Stockholm Resilience Centre’s research on food system sustainability will be further strengthened through a new professorship in 2020. The professorship is funded by the recently launched Curt Bergfors Foundation, and will focus on exploring and further developing the knowledge required to work towards a sustainable food system.

“I am very much looking forward to this collaboration and convinced this investment will strengthen our capacity to push the frontier in research on the future of sustainable food,” says Henrik Österblom, centre science director.

The new professorship’s main focus in research and teaching will be on how to build resilience in food systems and how to bring about large scale sustainability transformations of globally connected food value chains. The subject description of the professorship is: “interdisciplinary research on sustainable development, with studies of the interactions between ecological and social systems, and in particular how the food systems affect the biosphere and human health”.

As such, the new professorship will be closely aligned with the current research efforts at the centre focusing on one of the greatest challenges of our time: how to produce enough nutritious food for a growing world population while also decreasing the pressure on the planet’s climate and ecosystems. 

The intention is to recruit a new professor for the position during spring and be ready for formal installation this fall.

The foundation behind the professorship was established in 2019 with capital sourced from private assets of the Swedish food entrepreneur and philanthropist Curt Bergfors. 
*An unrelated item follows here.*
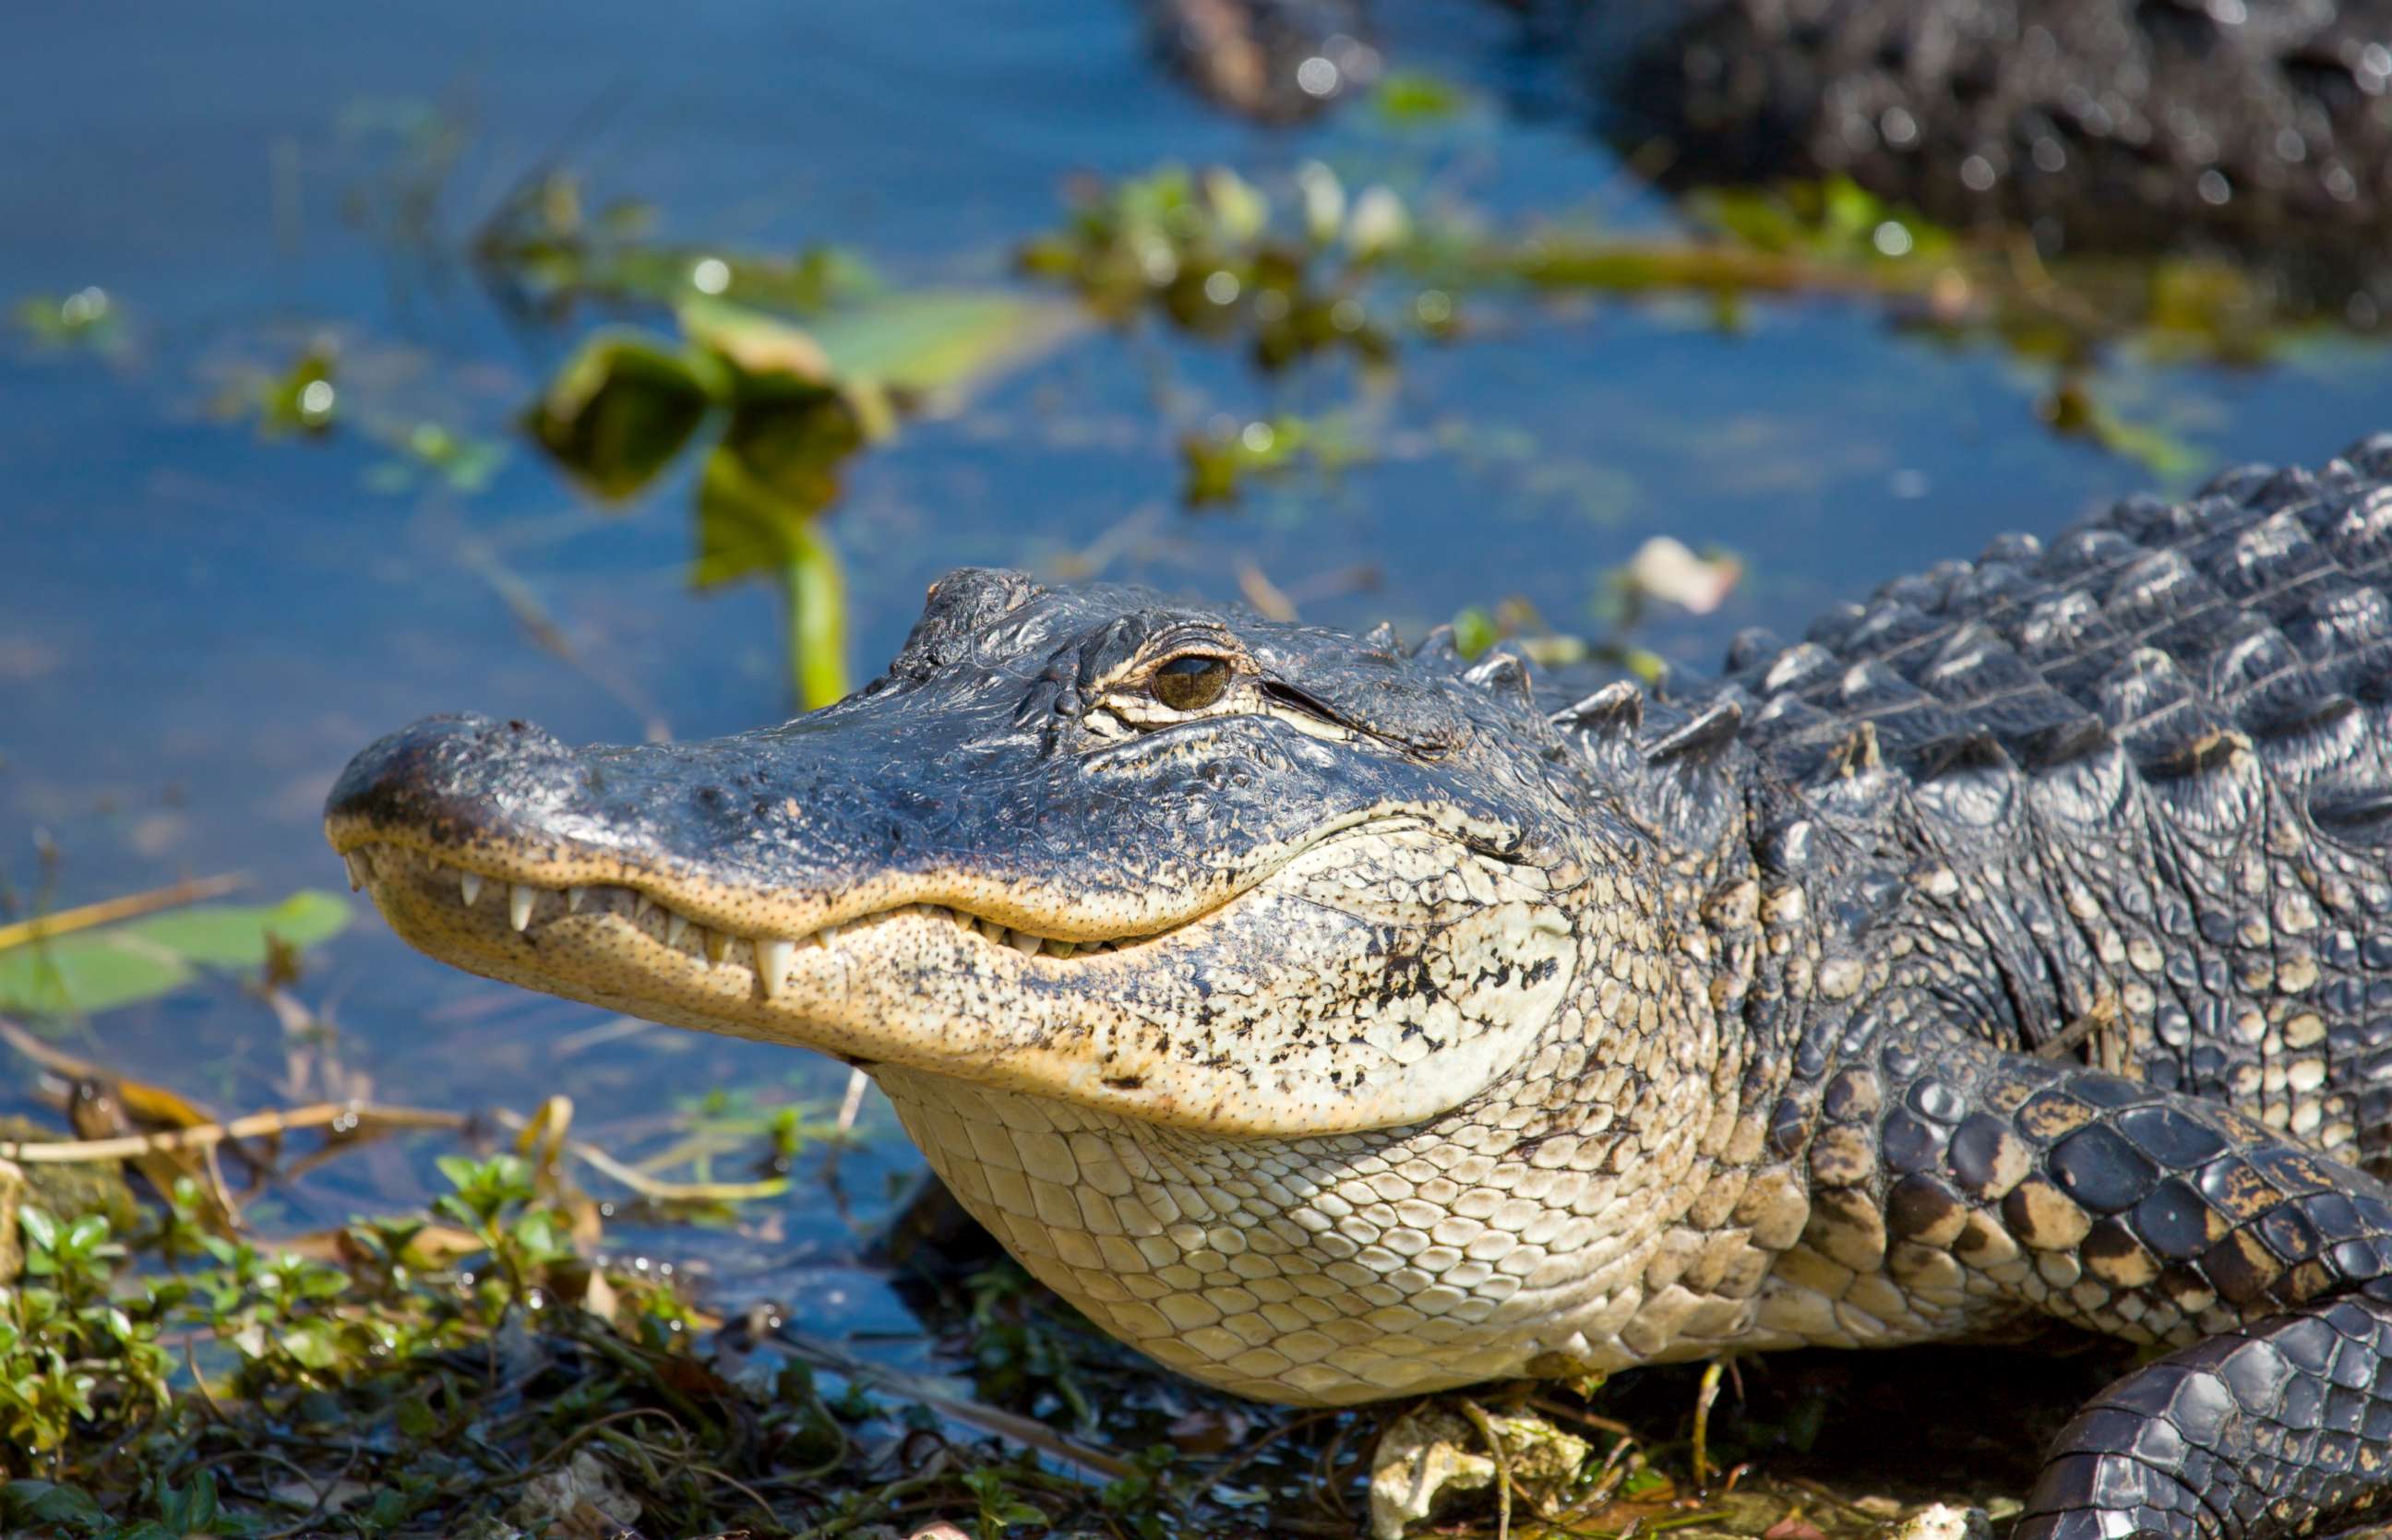 PHOTO: An alligator in Florida.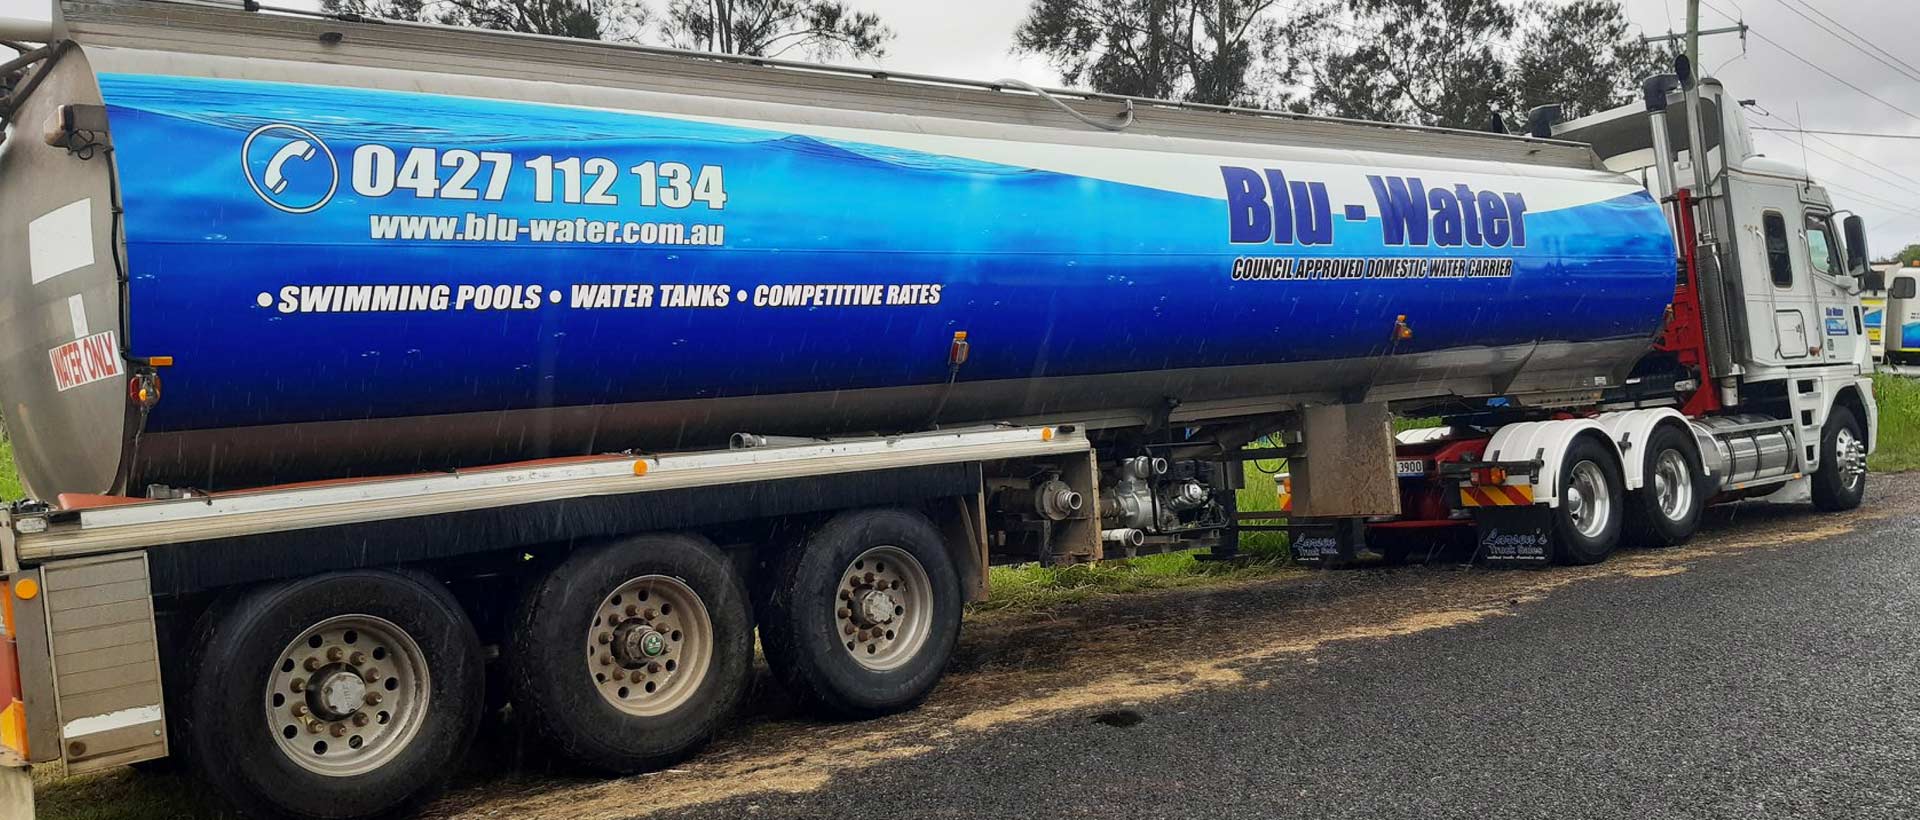 Blu-Water truck

“The professorship is a fundamental ingredient in the foundation’s overall purpose and mission. More interdisciplinary knowledge generation and innovative solutions are needed for us to successfully transition to sustainable food production over the next ten years,” says Lars Peder Hedberg, Executive Board Director of the Curt Bergfors Foundation.

In addition to the professorship, the foundation has recently also launched the Food Planet Prize, the world’s largest prize in the food arena that will award two $1-million prizes annually.